Pinot Version | 1.0.0 |
Code | startreedata/pinot-recipes/infer-schema-avro-data |
Prerequisites
To follow the code examples in this guide, you must install Docker (opens in a new tab) locally and download recipes.
Navigate to recipe
- If you haven't already, download recipes.

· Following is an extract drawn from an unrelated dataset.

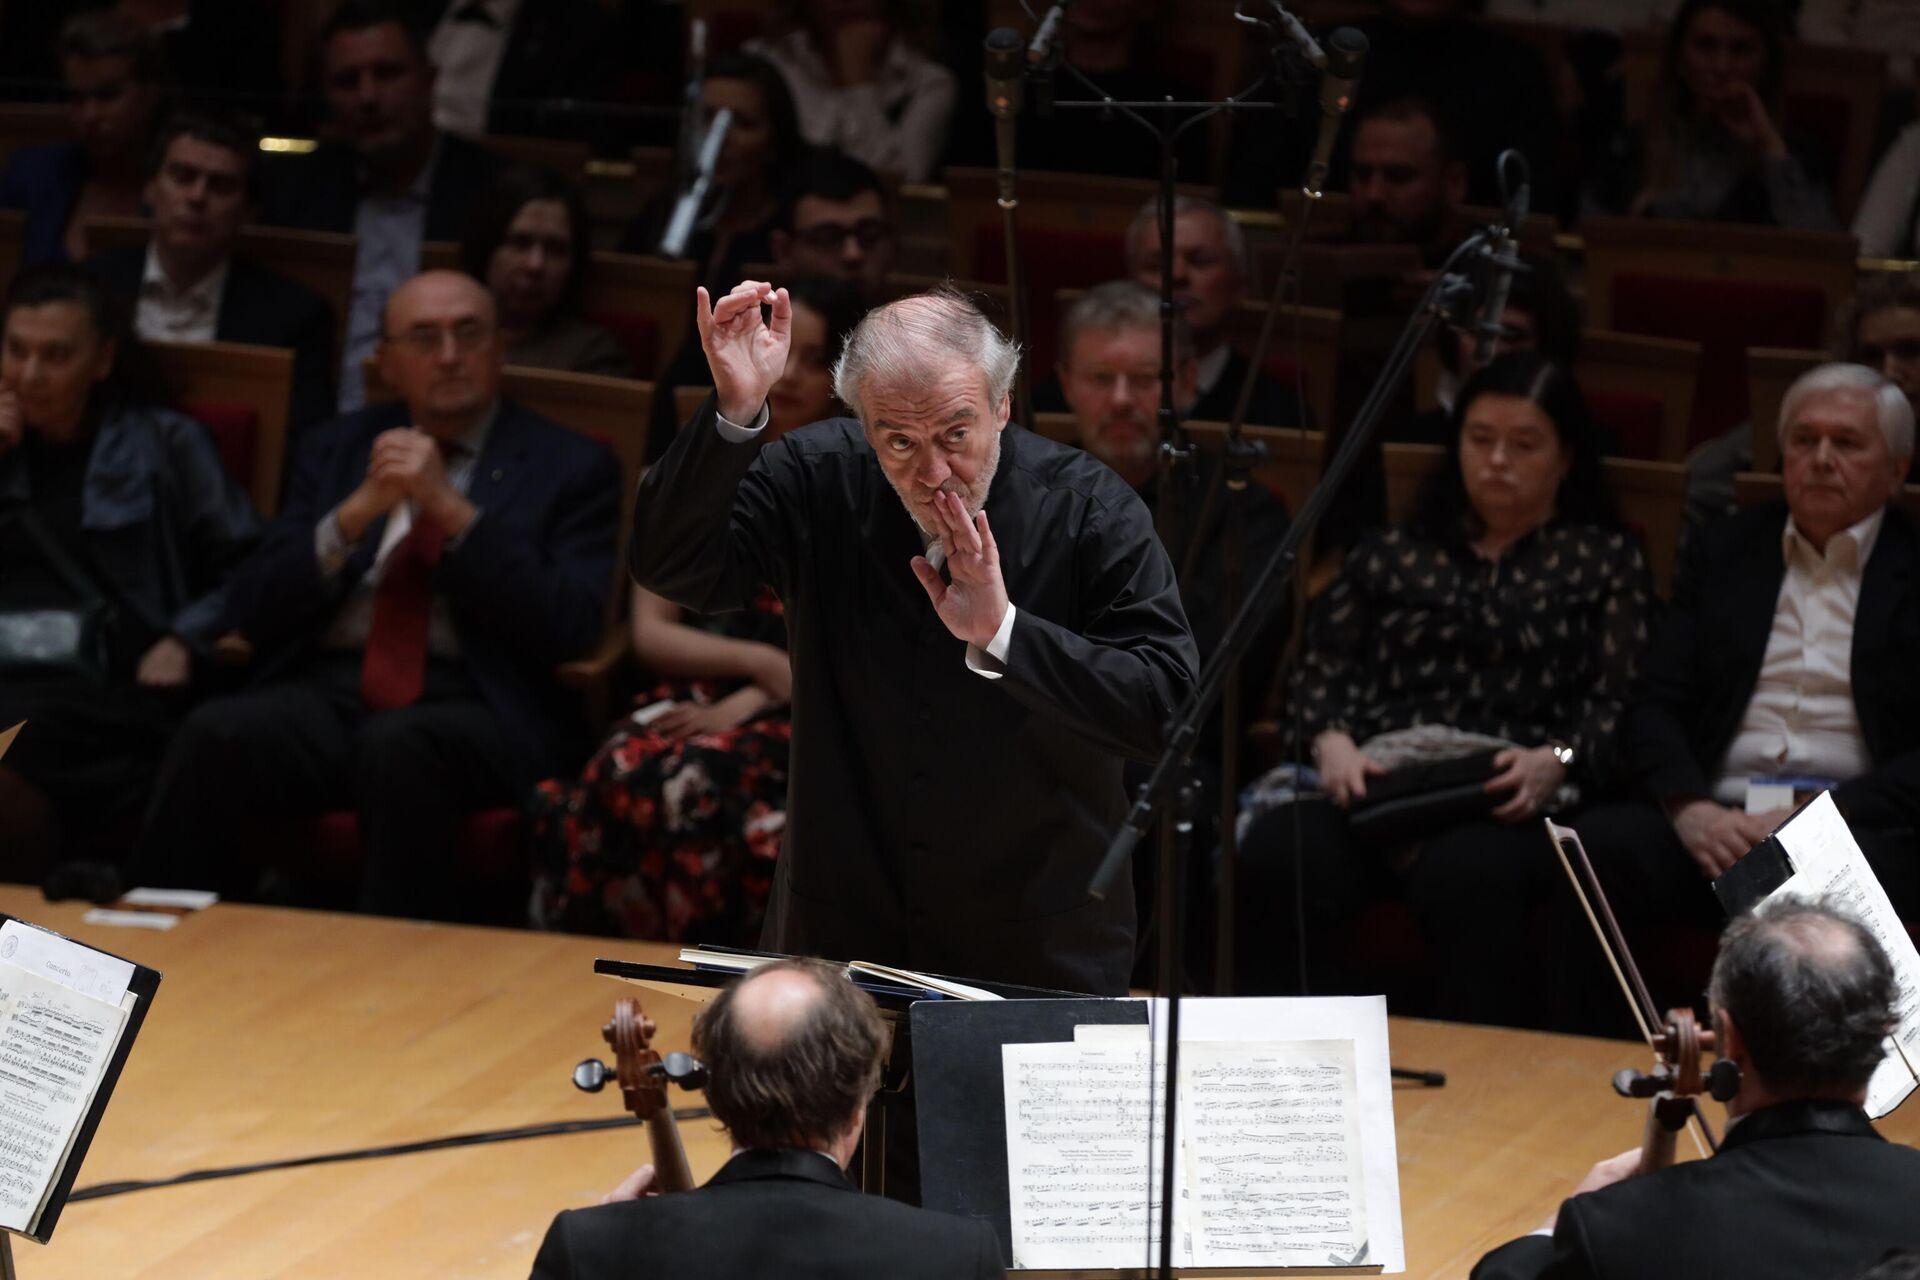 1578071074 0:0:3072:2048 1920x0 80 0 0 35b869c615bf8e0bbc8dc02c657404b6 - Солисты и оркестр Мариинки открывают гастроли в Париже и Люксембурге

- In the terminal, go to the recipe by running the following command:
cd pinot-recipes/recipes/infer-schema-avro-data
JSON Data
We're going to infer a Pinot schema from the following Avro schema:
{
"type":"record",
"namespace":"com.simonaubury",
"name":"MastodonDetails",
"fields":[
{"name":"m_id","type":"long","default":0},
{"name":"created_at","type": "int","logicalType":"date"},
{"name":"created_at_str","type":"string","default":"unknown"},
{"name":"app","type":"string","default":"unknown"},
{"name":"url","type":"string","default":"null"},
{"name":"base_url","type":"string","default":"null"},
{"name":"language","type":"string","default":"null"},
{"name":"favourites","type":"int","default":0},
{"name":"username","type":"string","default":""},
{"name":"bot","type":"boolean"},
{"name":"tags","type":"int","default":0},
{"name":"characters","type":"int","default":0},
{"name":"words","type":"int","default":0},
{"name":"mastodon_text","type":"string","default":"null"}
]
}
/avro/mastodon-topic-value.avsc
Infer schema
Now we're going to infer a schema for this input file.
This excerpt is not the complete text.